IR Design Principles

  1. Self-contained - All info needed to understand the data
  2. Auditable - Track source file, mappings, and decisions
  3. Re-processable - Can regenerate IR from original file + mappings
  4. Schema-agnostic - IR doesn't know about Person schema (that's Phase 2)

Special Target Values

Target Meaning
first_name, last_name, etc.
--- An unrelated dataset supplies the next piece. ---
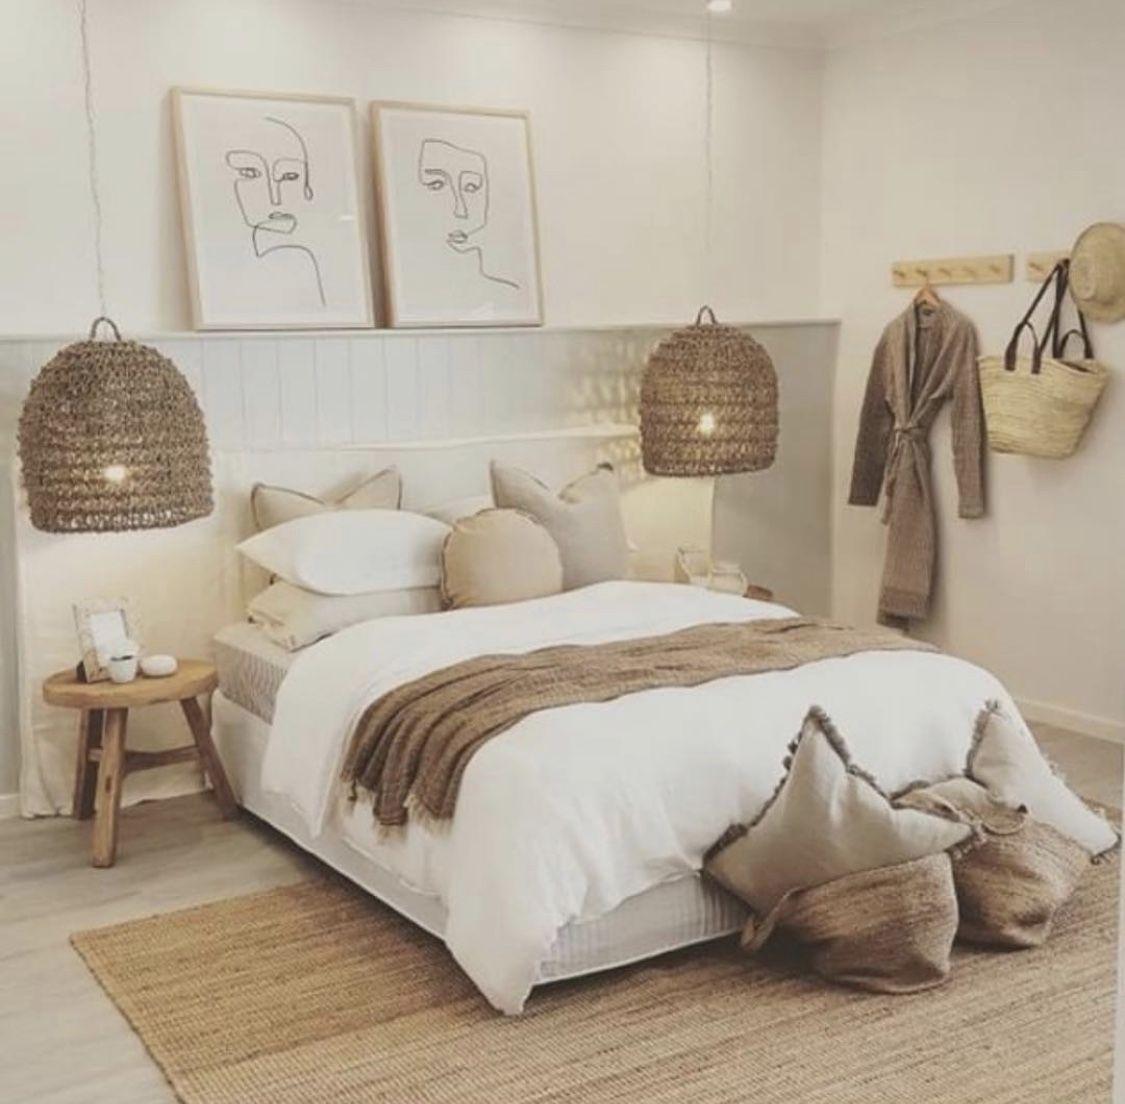 Boho bedroom en 15  Decoration chambre blanche, Déco chambre

Standard Person fields
custom:fieldname Custom field (will become person_custom_field)
_skip Column ignored
_meta:source_row Original row number (auto-added)

API Endpoints (Revised)

Upload Flow

# 1. Upload file
POST /api/list-loader/upload
Content-Type: multipart/form-data
file: [binary]

Response:
{
  "job_id": "imp_abc123",
  "status": "uploaded",
  "filename": "contacts.xlsx",
  "file_url": "https://files.nominate.ai/buckets/testsite/files/imports/imp_abc123/original.xlsx"
}

# 2. Get worksheets (Excel only)
GET /api/list-loader/{job_id}/worksheets

Response:
{
  "job_id": "imp_abc123",
  "worksheets": ["Sheet1", "Contacts", "Events"],
  "row_counts": {"Sheet1": 0, "Contacts": 150, "Events": 25}
}

# 3. Select worksheet and parse
POST /api/list-loader/{job_id}/parse
{"worksheet": "Contacts"}  # optional for CSV

Response:
{
  "job_id": "imp_abc123",
  "status": "parsed",
  "headers": ["First Name", "Last Name", "Email", ...],
  "sample_rows": [...],
  "total_rows": 150,
  "mappings": [...]  # heuristic mappings auto-generated
}

# 4. Request AI mapping (optional)
POST /api/list-loader/{job_id}/ai-suggest

Response:
{
  "status": "analyzing",
  "message": "AI is analyzing your file..."
}

# 5. Get/update mappings
GET /api/list-loader/{job_id}/mappings
PUT /api/list-loader/{job_id}/mappings
{"mappings": [...]}

# 6. Generate IR
POST /api/list-loader/{job_id}/generate-ir

Response:
{
  "job_id": "imp_abc123",
  "status": "ir_ready",
  "ir_url": "https://files.nominate.ai/.../ir.json",
  "valid_count": 148,
  "error_count": 2
}

Implementation Tasks

Phase 1A: File Server Integration

  • Add cbfiles client to cbapp (src/api/services/cbfiles_client.py)
  • Configure cbfiles auth (service token or user JWT passthrough)
  • Update upload endpoint to store in cbfiles
  • Implement file retrieval for parsing

Phase 1B: Multi-format Parsing

  • Add openpyxl to dependencies
  • Create unified FileParser class
  • Implement CSV/TSV parsing (existing, refactor)
  • Implement Excel parsing with worksheet listing
  • Add worksheet selection endpoint

Phase 1C: IR Generation

  • Define IR JSON schema
  • Implement IR generation from parsed data + mappings
  • Store IR in cbfiles
  • Add validation during IR generation

Phase 1D: Frontend Updates

  • Update /imports template (replace mockup)
  • Add file upload with drag-and-drop
  • Add worksheet selection UI (for Excel)
  • Add field mapping table with AI suggest button
  • Add preview of mapped data
  • Show validation errors

Dependencies

Python Packages to Add

# pyproject.toml
dependencies = [
    # ... existing ...
    "openpyxl>=3.1",      # Excel xlsx support
    "httpx>=0.24",        # Already in dev, move to main for cbfiles client
]

Environment Variables

# cbfiles integration
CBFILES_URL=https://files.nominate.ai
CBFILES_SERVICE_TOKEN=...  # or use user JWT passthrough
CBFILES_BUCKET=testsite    # tenant-specific bucket

Migration Path

  1. Keep existing /list-loader routes - Don't break current functionality
  2. Add new routes under /imports - New implementation
  3. Feature flag - USE_NEW_LIST_LOADER=true to switch
  4. Once stable - Deprecate old routes, update /imports template

Open Questions for User

  1. Tenant bucket naming - Use tenant subdomain (e.g., testsite) or tenant ID?
  2. File retention - Keep original files forever, or TTL (30 days)?
  3. Max file size - 10MB? 50MB? 100MB?
  4. Concurrent imports - Allow multiple active jobs per user?

Next Steps

After this plan is approved: 1. Implement Phase 1A (cbfiles integration) 2. Test upload/download flow 3. Implement Phase 1B (parsing) 4. Implement Phase 1C (IR generation) 5. Update frontend (Phase 1D)

User will then provide universal schema spec for Phase 2.